LITTLETON — Thanked for their service, sacrifices, and contributions to their country and democracy, about 50 area veterans were honored Friday during Daisy Bronson Middle School’s and Littleton High School’s annual Veterans Day ceremony.

“Today stands as a special day of remembrance in honor of the tireless commitment of the men and women who have served and are currently serving in our armed forces,” Jasmine Brown, LHS senior and among the school’s nine National Honor Society students organizing the ceremony, said in the introductory welcome address.

All branches of military service were recognized - Army, Air Force, Coast Guard, Navy, Marines - and all, including the 11 veterans working at the Littleton School District, were later asked to stand when the DBMS/LHS Band performed the anthems for each branch of service.

“These veterans that sit before us have unselfishly sacrificed their lives for our freedom, and on this day we celebrate their service,” said Brown.

Giving the Veterans Day reflection was LHS senior Austin Hastings, who said the veterans honored at the school sacrificed and served so their countrymen an women can continue to enjoy their freedoms.

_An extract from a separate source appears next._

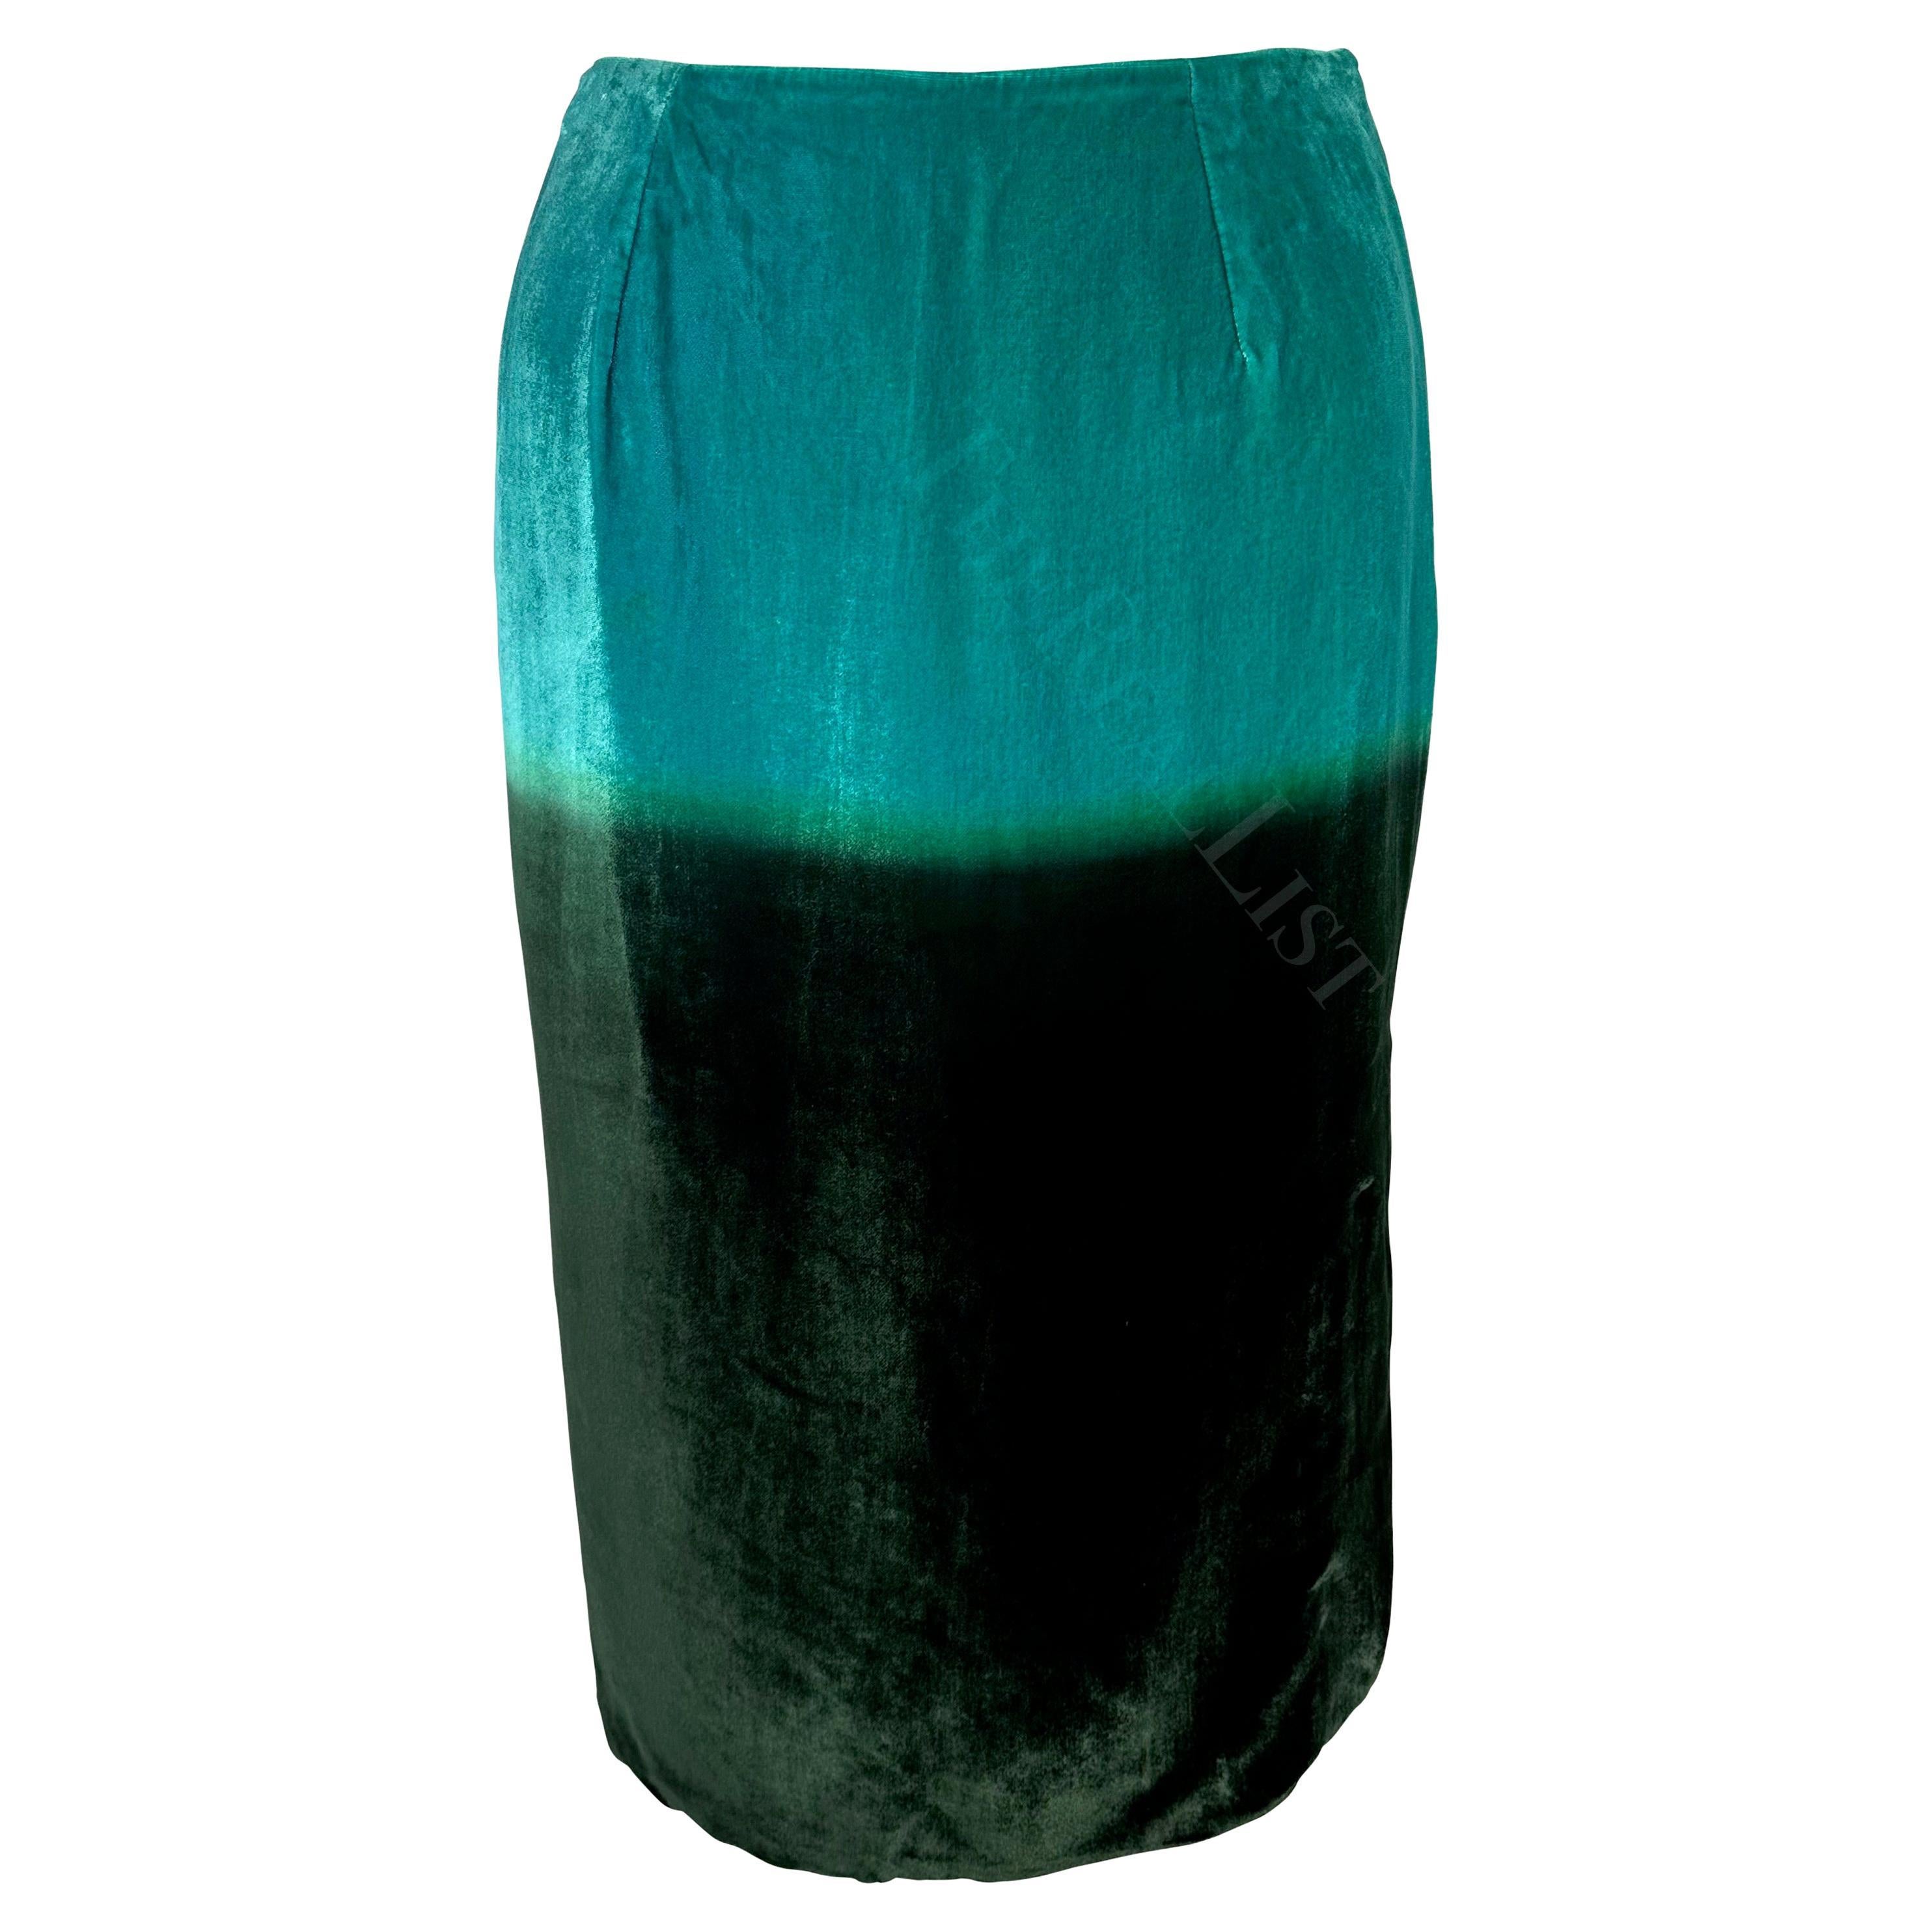 S/S 1997 Gucci by Tom Ford Blue Green Ombré Velvet Runway Skirt For Sale

“”Every day, we have the ability to choose the kind of food we want to eat, the clothes we want to wear, and where we want to work, along with countless other personal choices,” said Hastings. “We also do not live in constant fear of missile attacks, unlike some students in other parts of the world. This is the result of a strong and dedicated military. The veterans here with us today, along with the countless other veterans throughout our nation, at one point or another were protecting our freedoms.”

Hastings said he hopes some of this fellow students are considering a career in the military.

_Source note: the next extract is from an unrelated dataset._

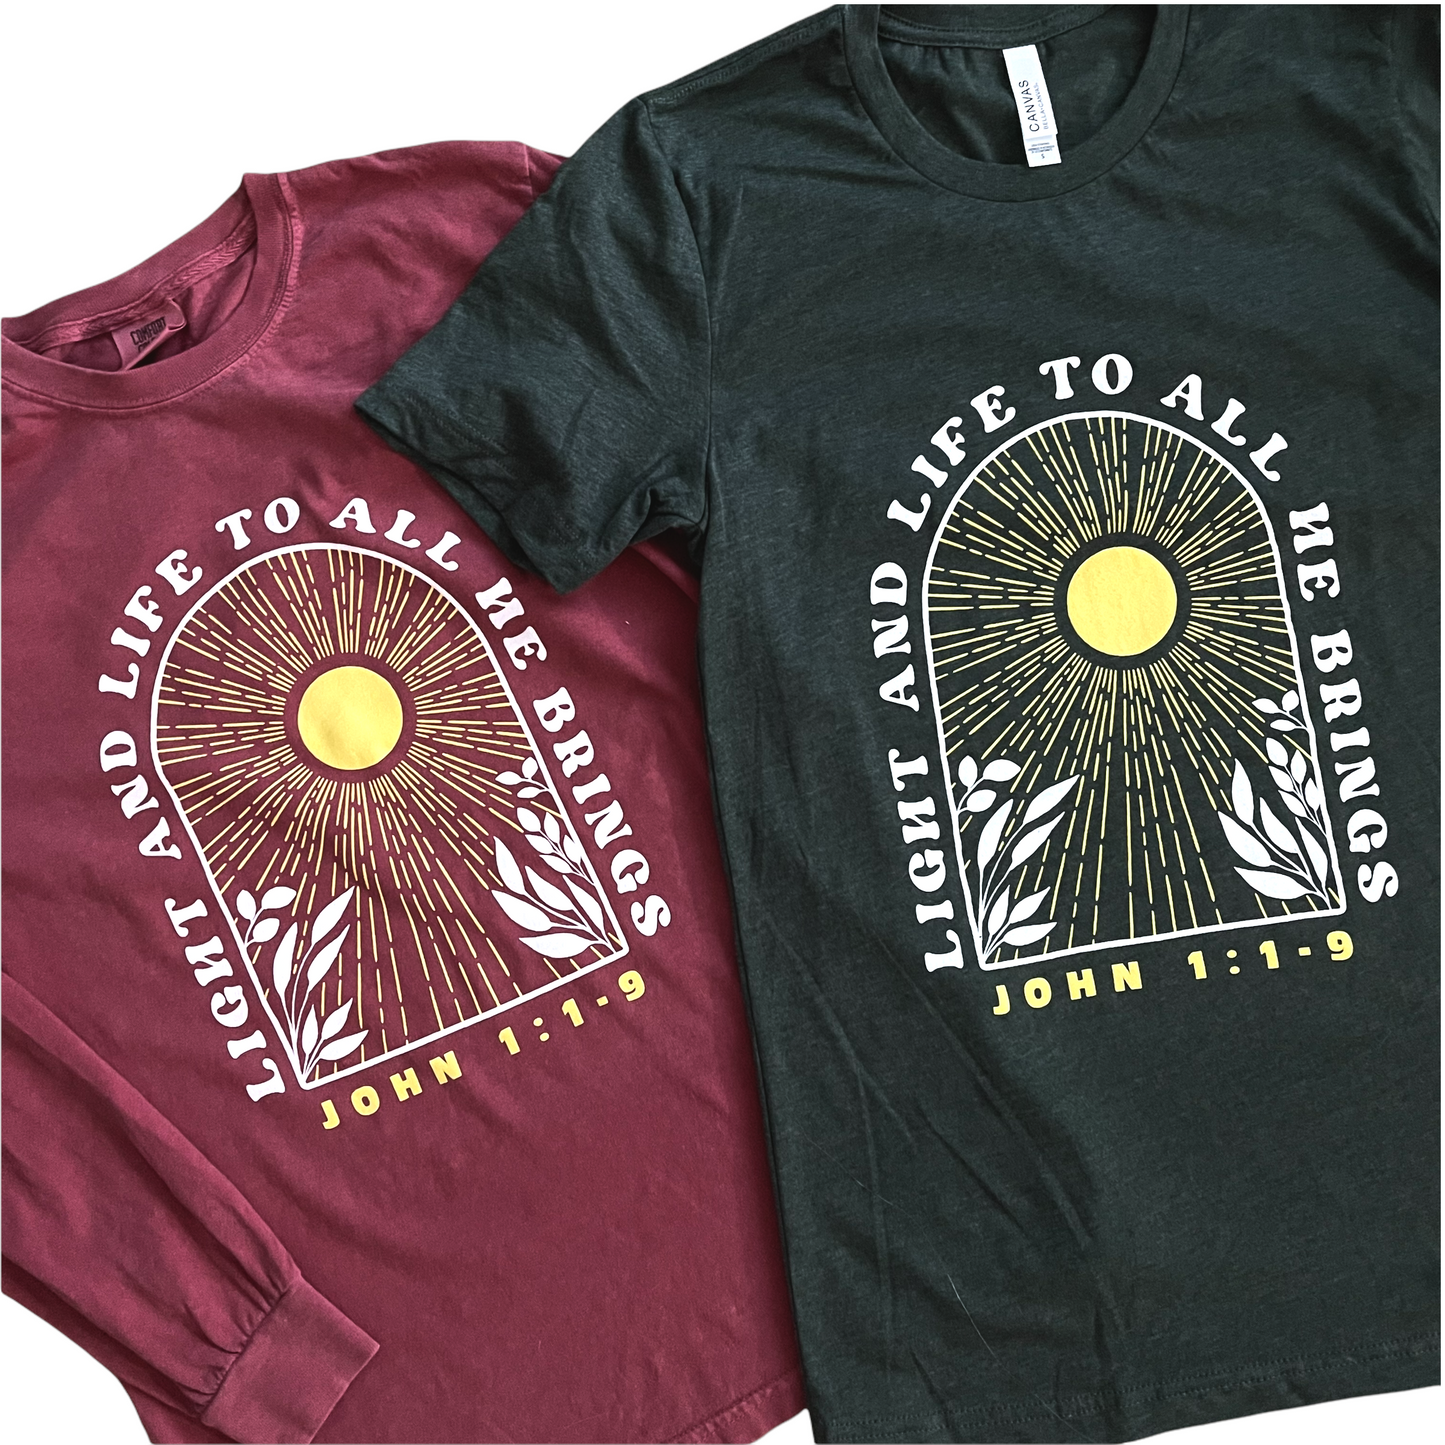 Light & Life | T-Shirt (S, M, L, XL, 2X remain)

“I would like to remind you all to say thank you to our veterans,” said Hastings. “Not just today, not just this weekend, but every day. Recognize the time, effort, and sacrifice these veterans have done so you can enjoy and appreciate the life that you have today.”

Giving the keynote welcome address was Air Force Technical Sgt. Nicholas Pack, currently serving at the new Air Force recruiting station on Meadow Street.

When he was young, Pack said he looked up to those who served their country.

That hasn’t changed.

“I look up to each and every one of you, each one who held up the mantle,” he said.

To the students, Pack said, “As far as considering a career in the military, it is one of the most rewarding experiences you will have in your life.”

LHS senior Quinton Eastman, giving the student perspectives on Veterans Day, thanked all those veterans attending, including his mother, Tonya Eastman, an Air Force veteran of Littleton, and his grandfather, Bruce.

Eastman then read the responses from students when they were asked, “I am thankful to veterans because …”

“They made hard sacrifices in their life in order to make the world a safer place.”

“They fought for us, getting little in return.”

“They fought for our country, and without them, we probably wouldn’t have our freedoms, freedom of speech, freedom of the press, and much more.”

“They have fought and acted selflessly and courageously so that we as individuals can live in a safe land.”

When asked what they would tell a veteran if they had the chance, responses included, “Thank you for everything, you are loved forever by all of us.”

In the principal’s address, co-written by LHS student Peyton Silvers and titled “Celebrating Veterans Today and Always,” LHS Principal Jennifer Carbonneau spoke of a project students did with area veterans, interviewing them to learn of their experiences.

“Sometimes we might lose sight of how valued our American ideals of life, liberty, and the pursuit of happiness are,” said Carbonneau. “We are here celebrating the individuals who have allowed us to realize these ideals generation after generation.”

She said she often finds herself thinking about the future of her students and their ability to find a sense of unity in their community.

The hope, said Carbonneau, is that students can reflect to learn and respect their peers and elders throughout their high school experience and embrace differences and be considerate of the feelings of others.

“Although we should always keep our future in mind, it is also important to have an understanding of our community’s past,” she said. “Today, we sit among some of the greatest heroes in our township. We are honoring them for their bravery and dedication to protecting our lives, while risking theirs. They are the true heroes of our community and the protectors of our American ideals of life, liberty, and the pursuit of happiness.”

The White Mountains Regional High School Jr. ROTC Color Guard, directed by retired Army Lt. Col. Darrel Gearhart, presented the colors.

Veterans Day is officially recognized on Nov. 11, which this year falls on Monday.

Originally known as Armistice Day, it was first recognized in 1919 to commemorate the one-year remembrance of the end of the First World War.